• Work item
No picture should appear in the copy. Transcribe exactly, and only, the lines from the one with "3B Disposable White" through the last line of the data below.

═════ Source data ═════

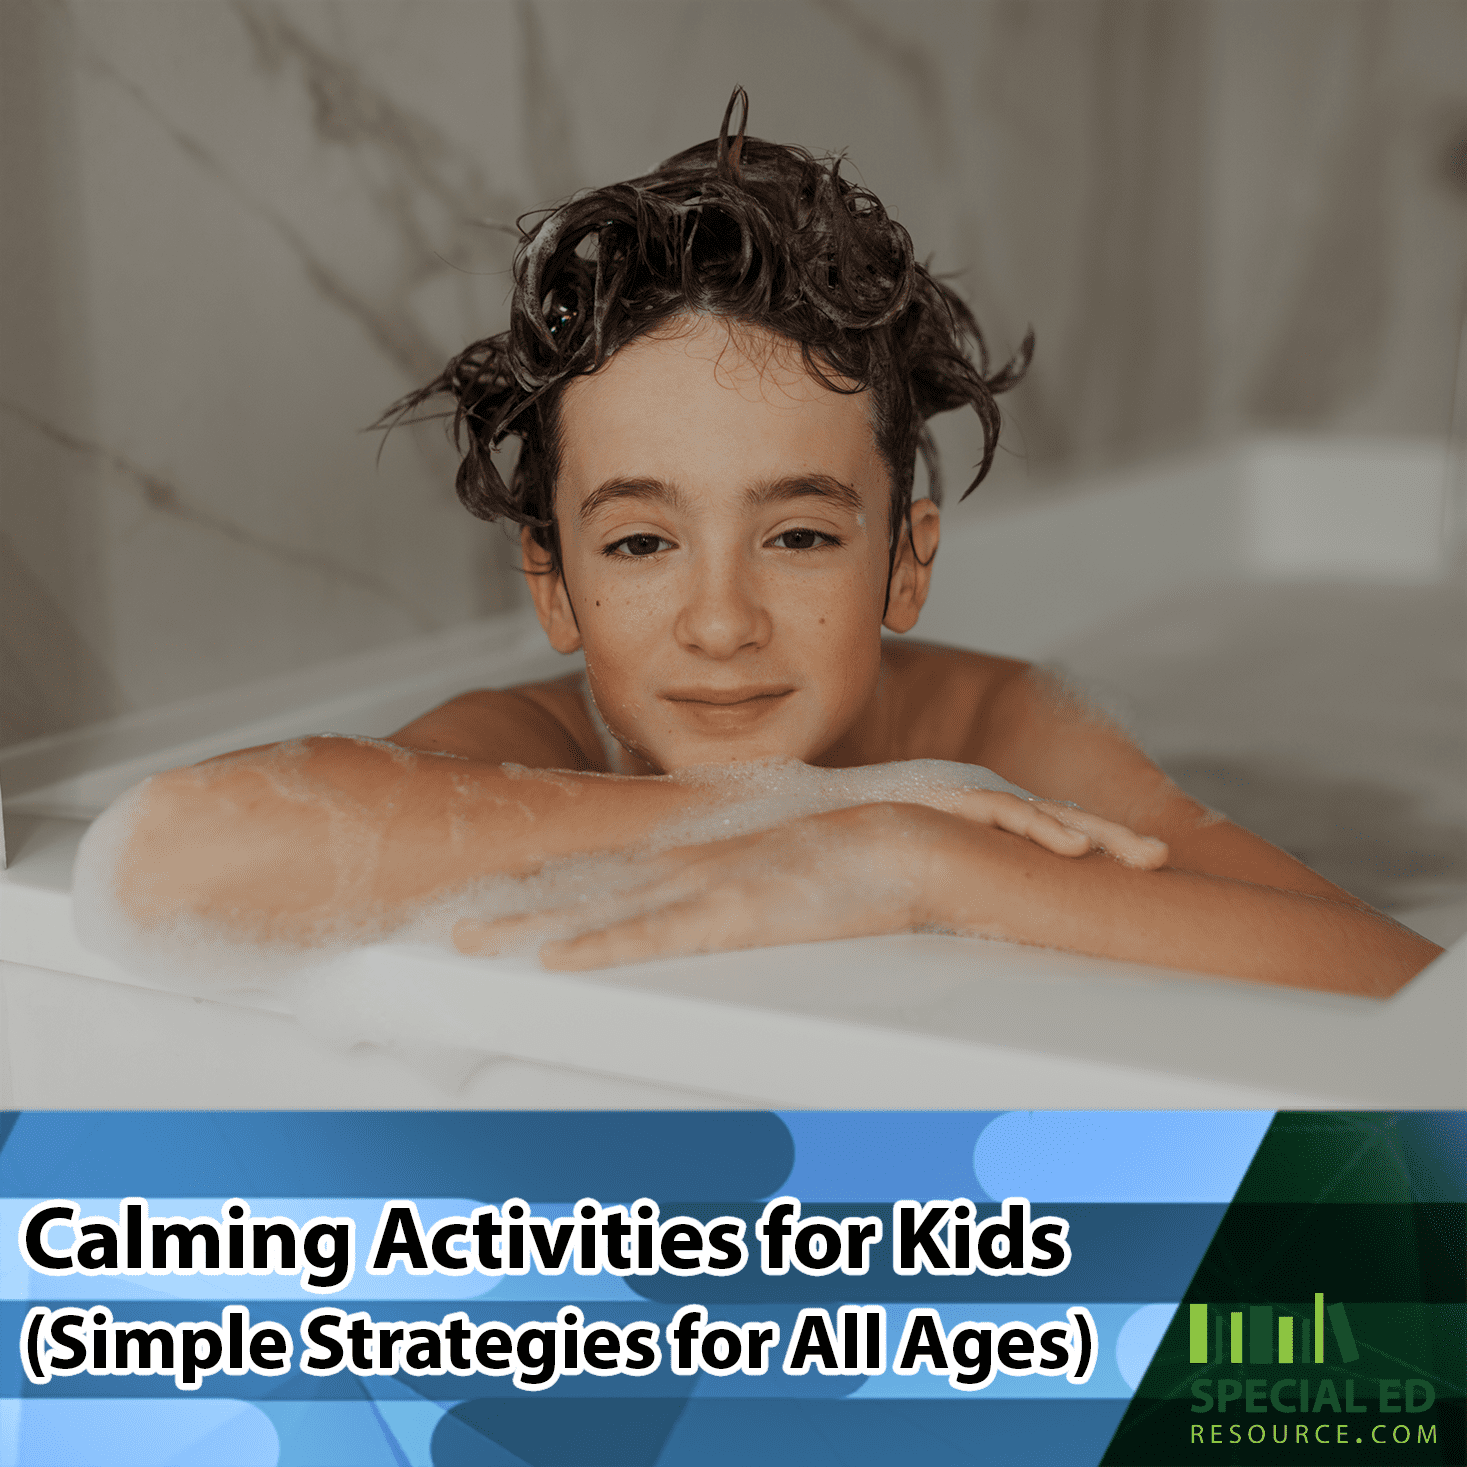 Boy taking a relaxing bubble bath one of the 54 calming activities for kids which are super simple strategies for all ages.
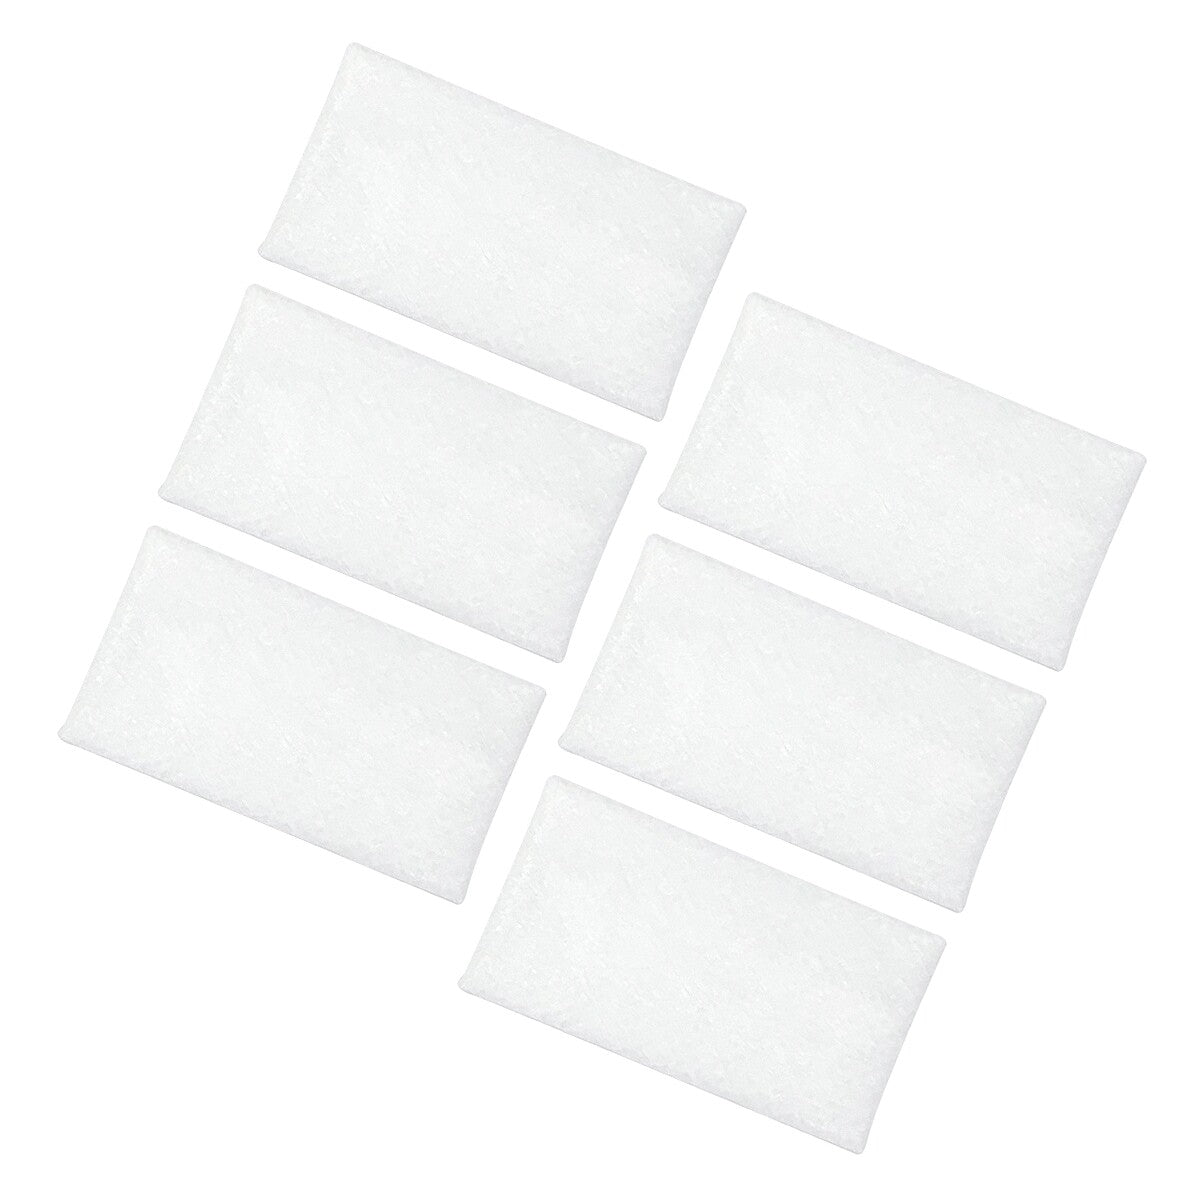 3B Disposable White Ultra Fine Filter for Luna II Series CPAP Machines (6-Pack)
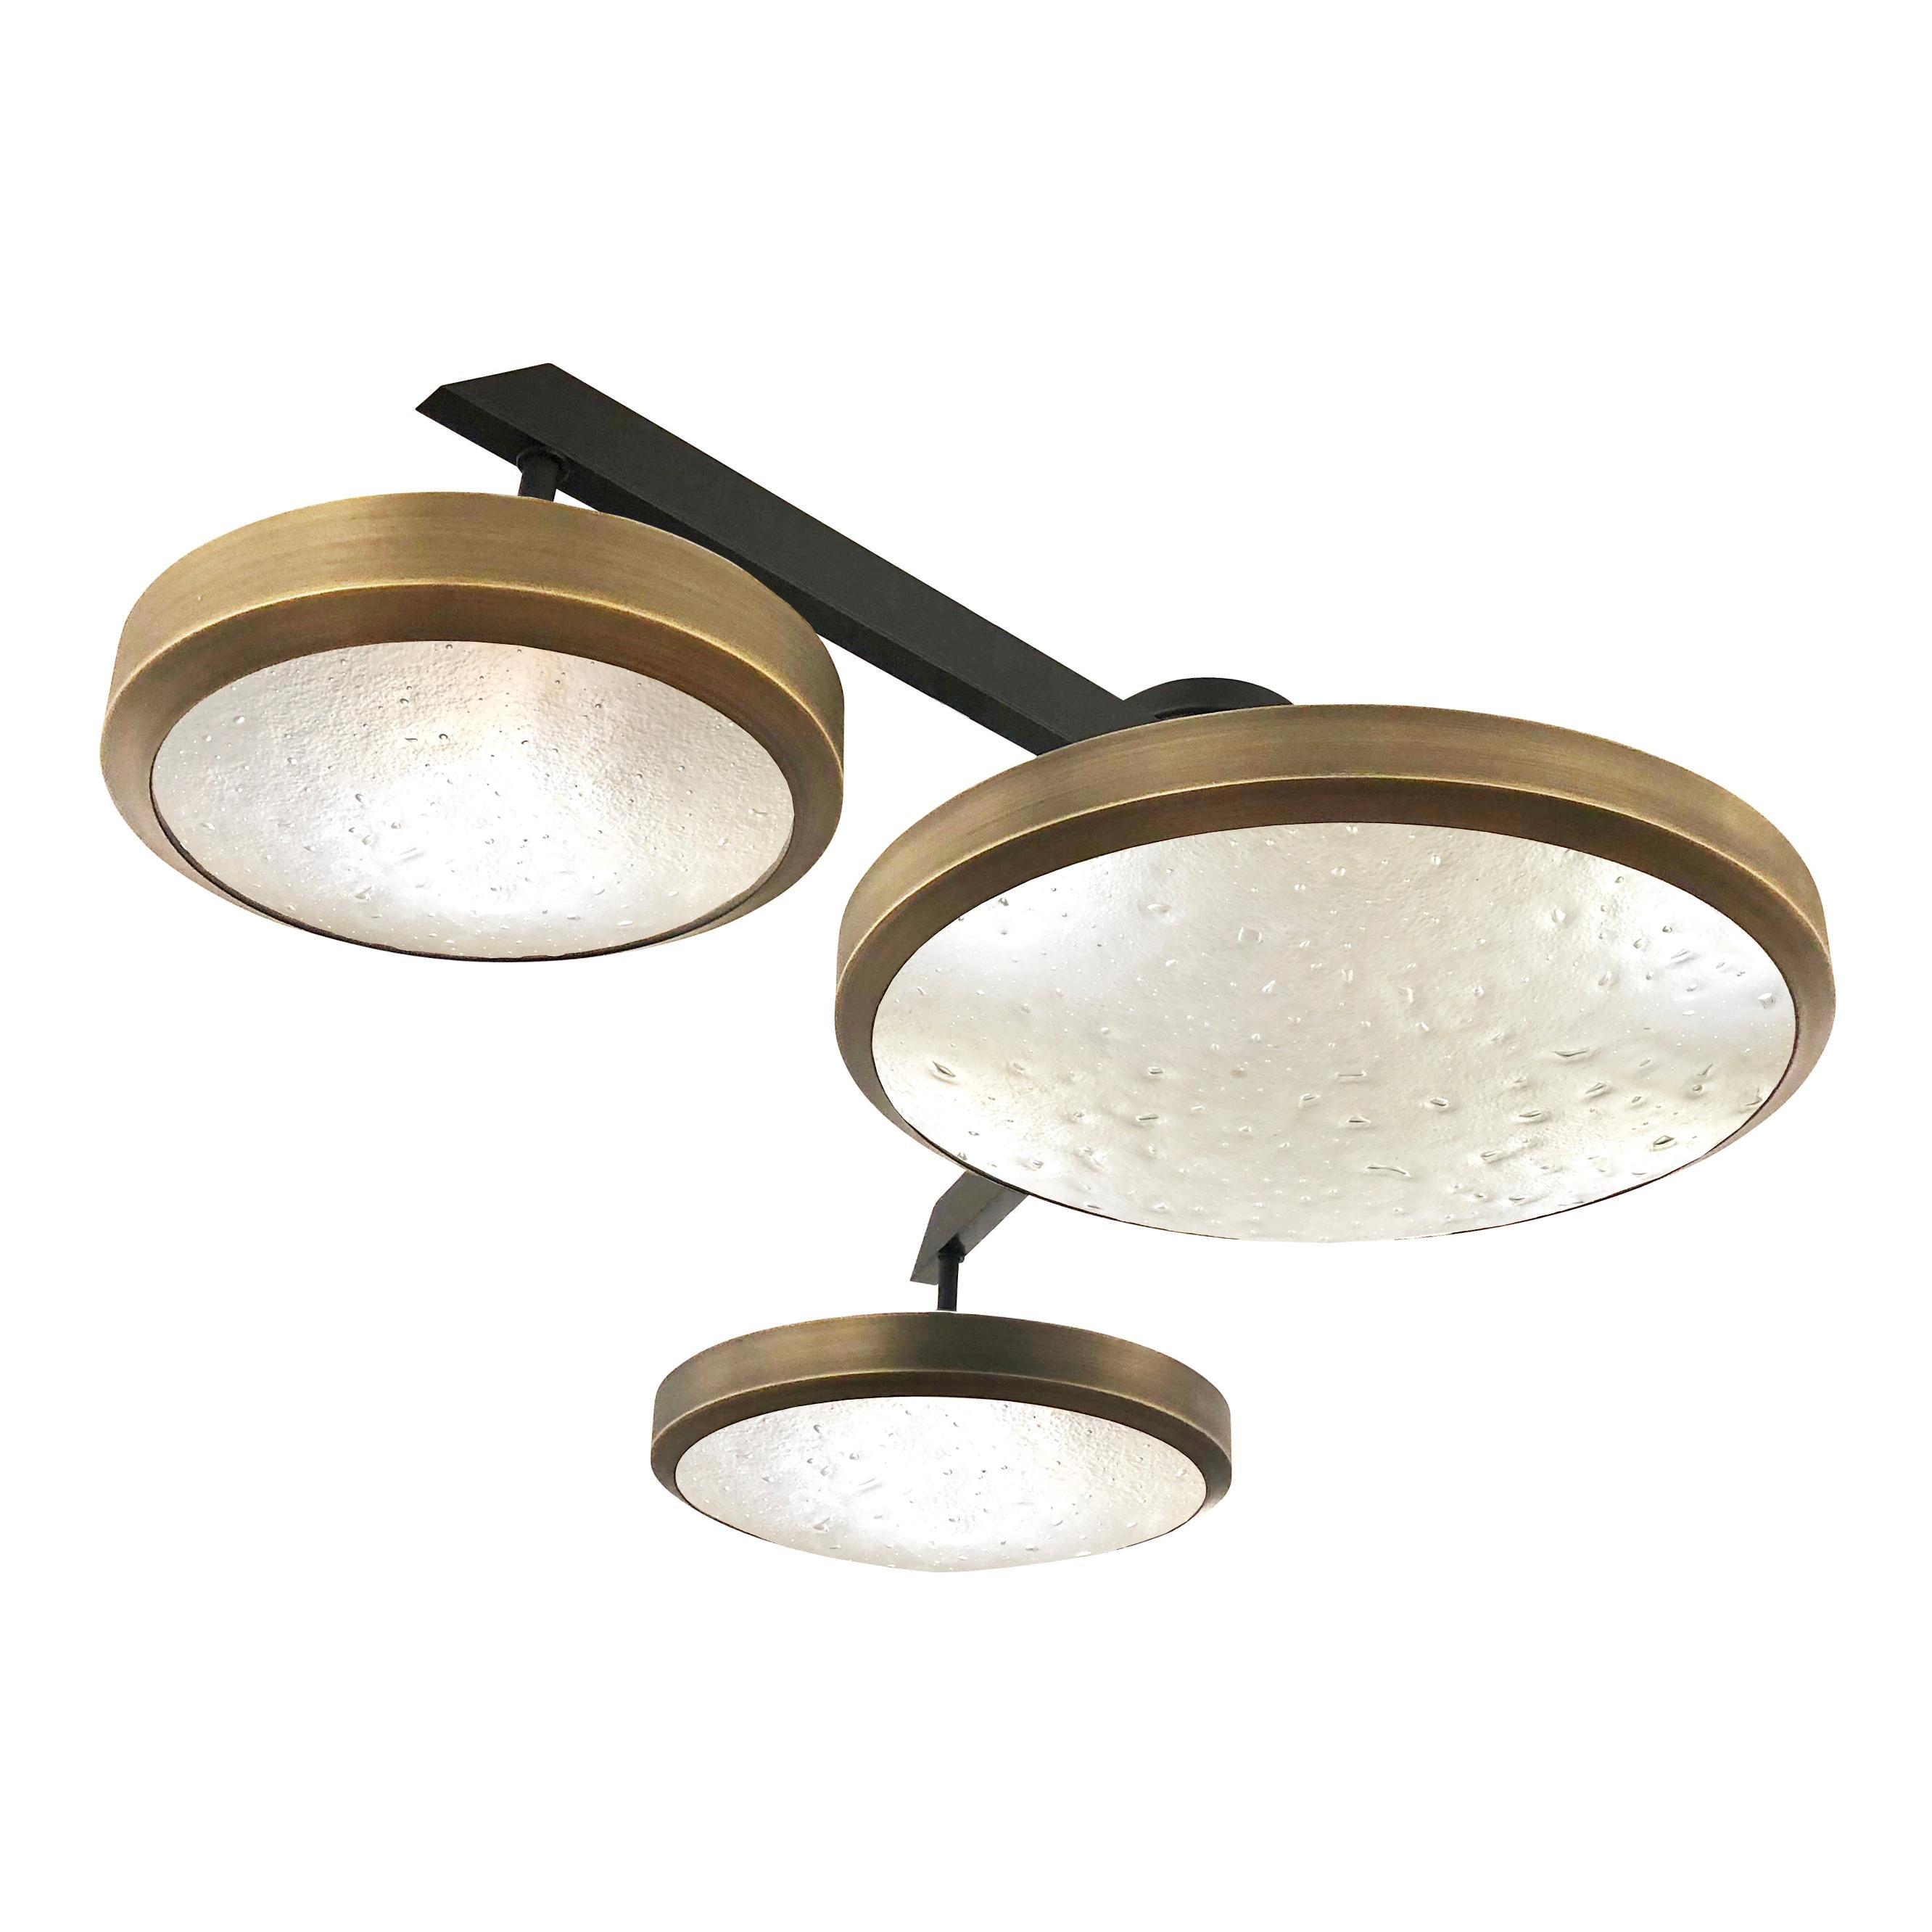 Zeta Ceiling Light by Gaspare Asaro- Two Tone Finish

═════

• Result of the exercise
 3B Disposable White Ultra Fine Filter for Luna II Series CPAP Machines (6-Pack)
 Zeta Ceiling Light by Gaspare Asaro- Two Tone Finish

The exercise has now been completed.